TASK DETAILS | Print nothing except the line holding "senior pictures |" and the lines that come after it in the material below, and leave the pictures out.

COLLECTED MATERIAL |
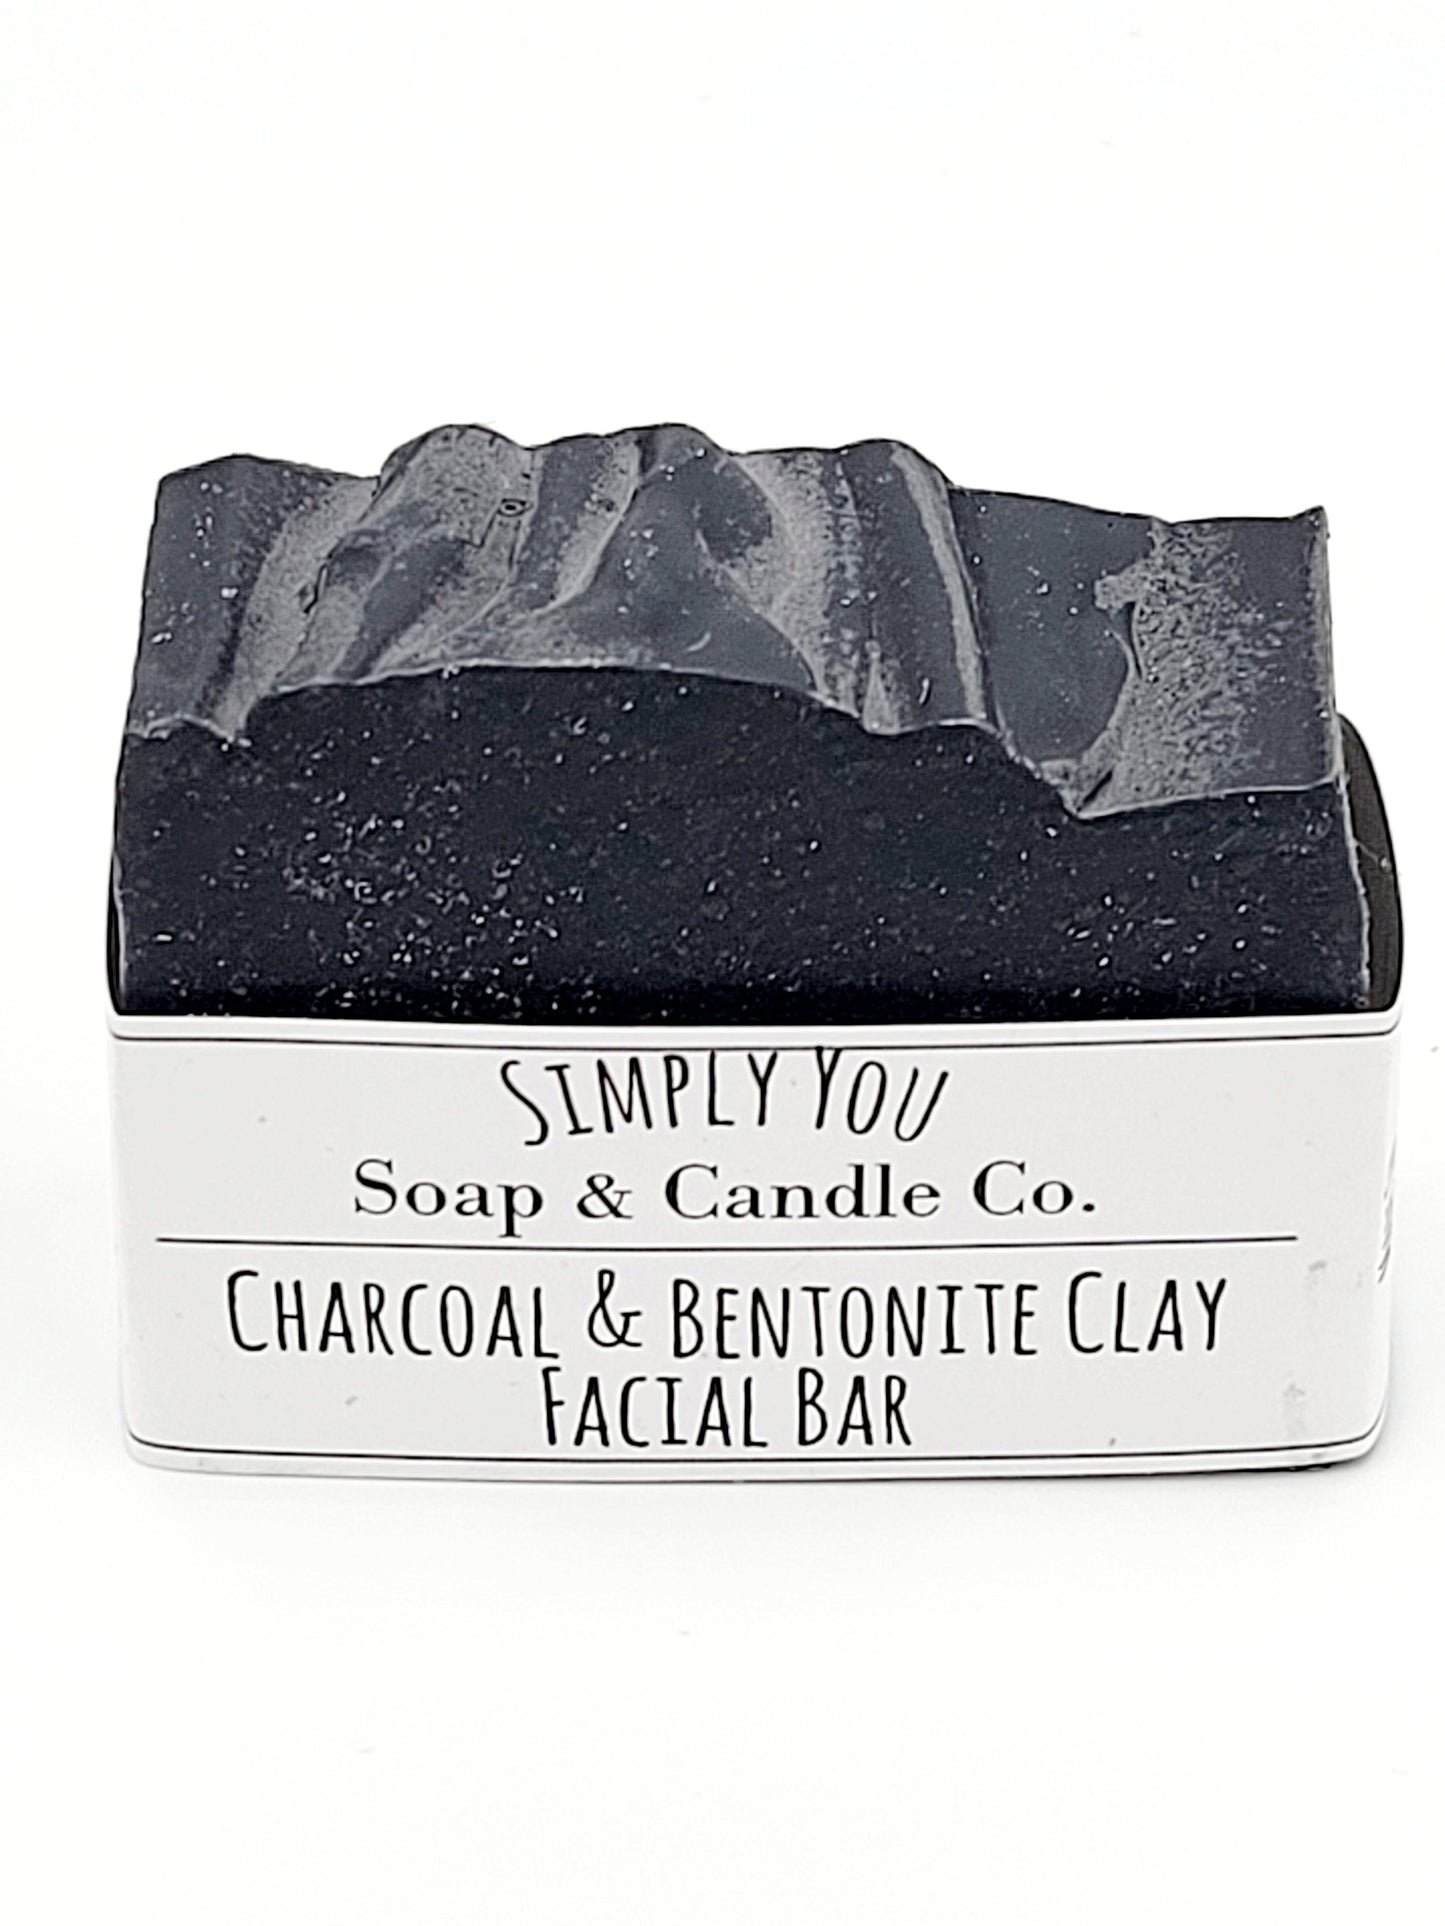 Charcoal & Bentonite Clay Facial Soap
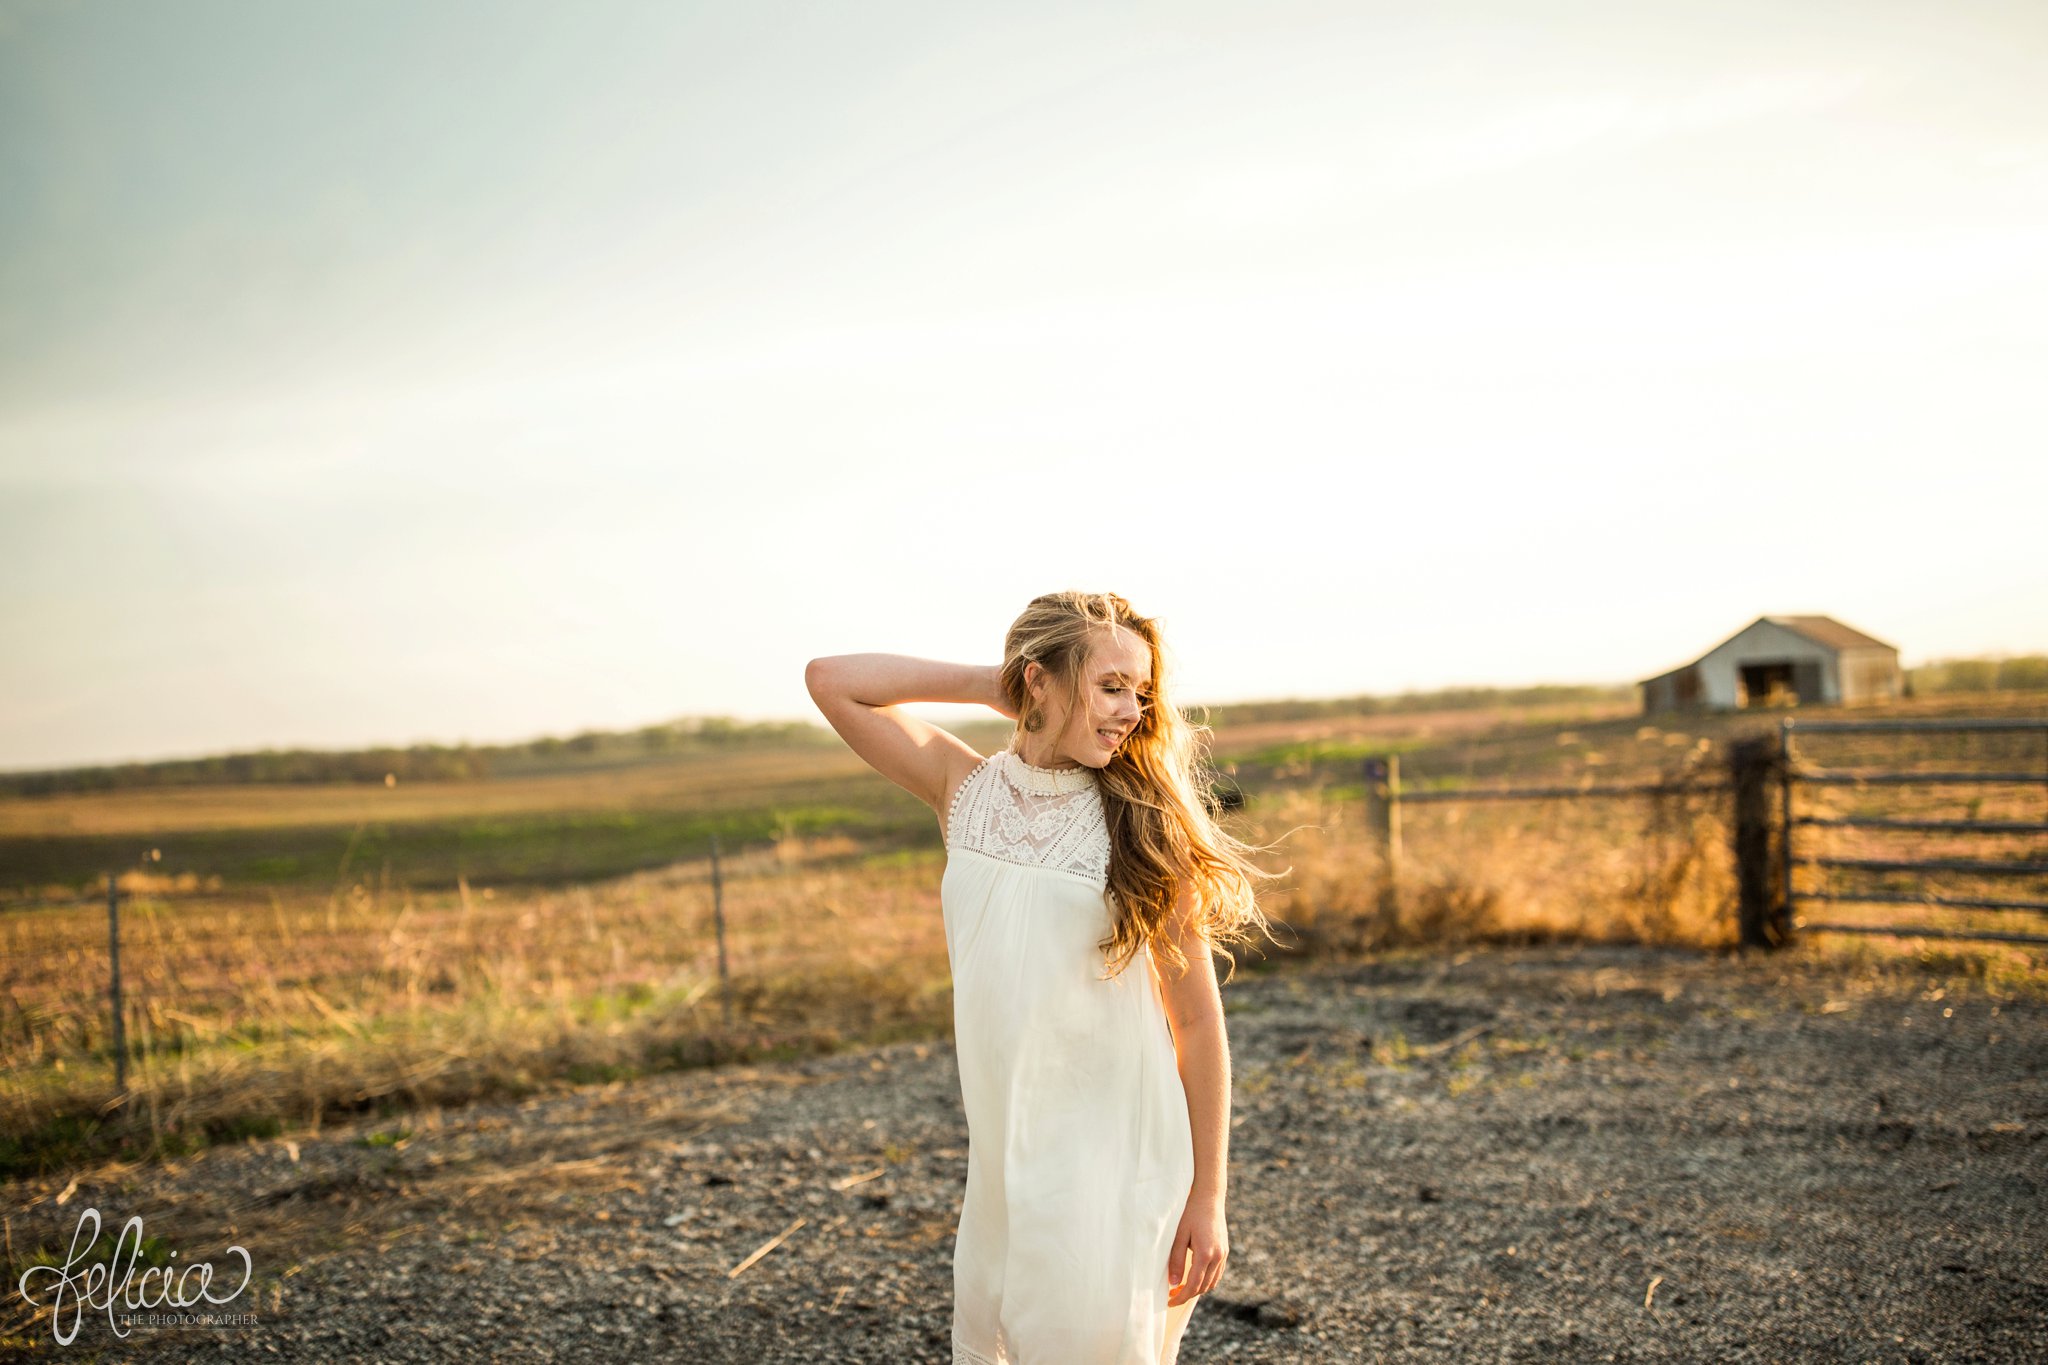 senior pictures | images by feliciathephotographer.com | Kansas City | rustic | long blonde hair | nature background | farm house | white dress | elegant | dramatic pose | farm pictures
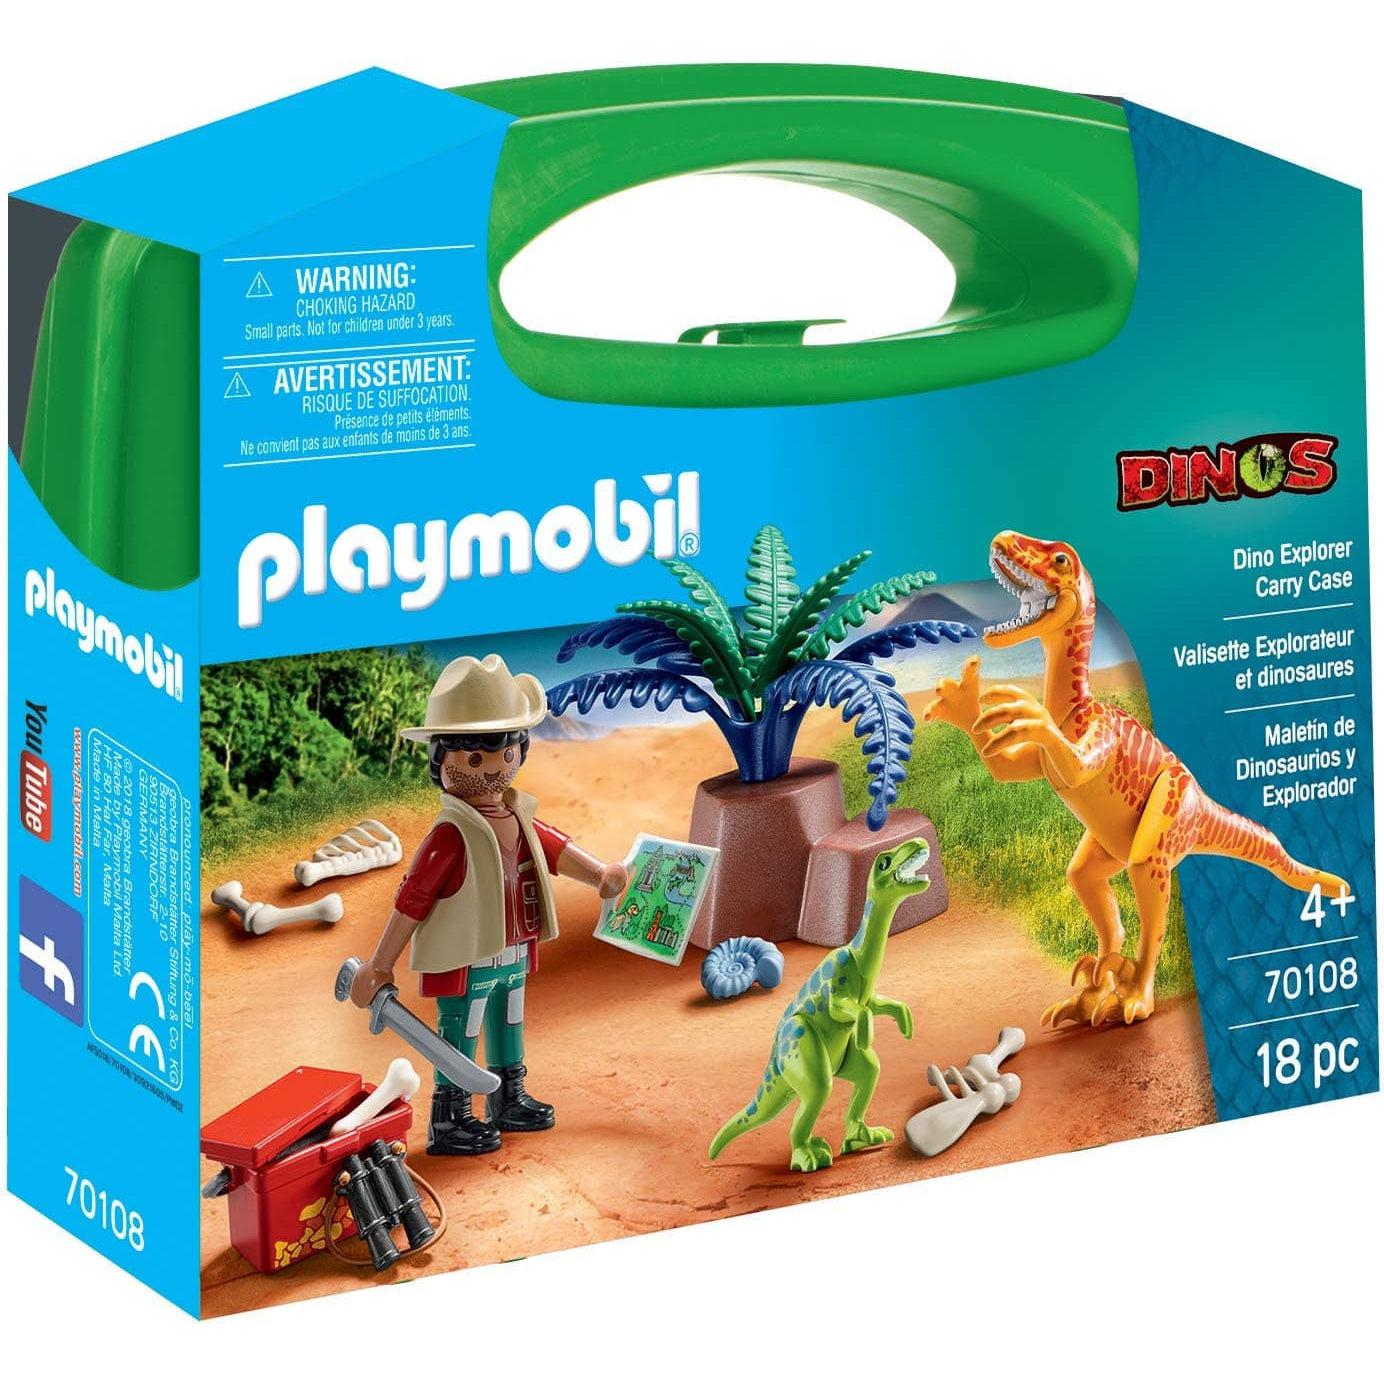 Playmobil-Dinos - Dino Explorer Carry Case-70108-Legacy Toys

REPLY TO THE TASK |
 senior pictures | images by feliciathephotographer.com | Kansas City | rustic | long blonde hair | nature background | farm house | white dress | elegant | dramatic pose | farm pictures
 Playmobil-Dinos - Dino Explorer Carry Case-70108-Legacy Toys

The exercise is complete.